Arcos de Valdevez: Área Arqueológica do Mezio-Gião vai ser valorizada com fundos europeus

A Associação Regional de Desenvolvimento do Alto Lima – ARDAL/Porta do Mezio viu aprovado, recentemente, o seu projeto “Vozes das pedras: promoção e valorização da Área Arqueológica do Mezio-Gião”, segundo nota publicada no Programa Operacional Regional do Norte, através da Autoridade de Gestão do Norte 2020.

Ao programa de intervenção, com um investimento elegível de quase 349 mil euros, foi confiado um apoio de, sensivelmente, 297 mil euros, dinheiro proveniente dos Fundos Europeus Estruturais e do Investimento, no âmbito do Programa Operacional Regional do Norte (Portugal 2020), patrocinado pelo Fundo Europeu de Desenvolvimento Regional (FEDER).

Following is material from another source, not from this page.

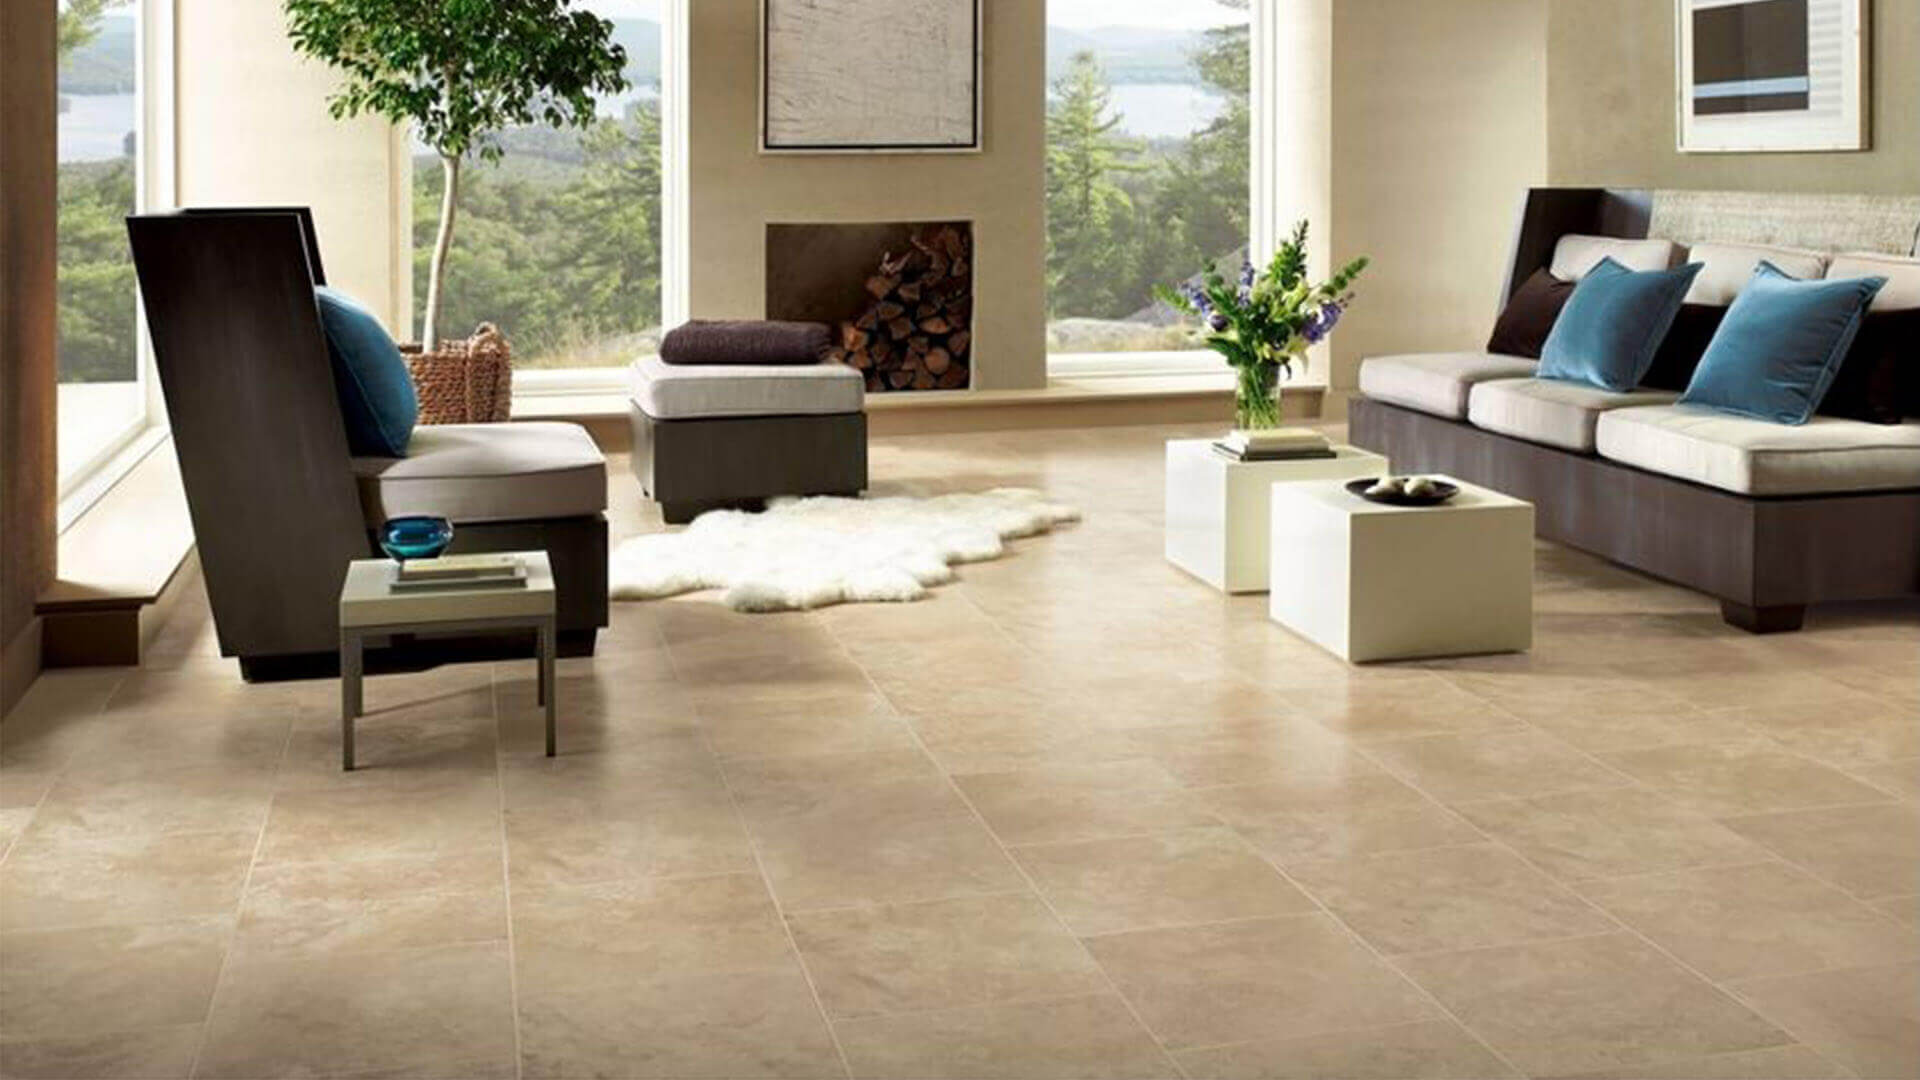 Floor Tiles For The Living Room

À Área Arqueológica está associado, por exemplo, o conjunto de rochas sinalizadas no espaço de arte rupestre do Gião, assim como o núcleo Megalítico Pré-histórico do Mezio, o qual é constituído por cerca de uma dezena de monumentos. As mamoas, elementos principais do rico legado, eram, maioritariamente, “construídas e utilizadas como locais de enterramento e de ritual no período entre os meados do quinto e o final do terceiro milénio antes de Cristo”, no decorrer do “denominado Neolítico e Calcolítico (Idade do cobre)”, segundo nota explicativa inscrita no painel colocado na referida Área.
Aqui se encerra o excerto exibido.